## To do
In this exercise, reproduce the whole listing exactly.

## Data supplied
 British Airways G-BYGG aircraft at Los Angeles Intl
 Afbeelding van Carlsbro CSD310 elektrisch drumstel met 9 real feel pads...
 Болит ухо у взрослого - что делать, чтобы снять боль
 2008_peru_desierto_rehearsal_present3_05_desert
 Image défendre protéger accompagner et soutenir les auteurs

## Result of this task
 British Airways G-BYGG aircraft at Los Angeles Intl
 Afbeelding van Carlsbro CSD310 elektrisch drumstel met 9 real feel pads...
 Болит ухо у взрослого - что делать, чтобы снять боль
 2008_peru_desierto_rehearsal_present3_05_desert
 Image défendre protéger accompagner et soutenir les auteurs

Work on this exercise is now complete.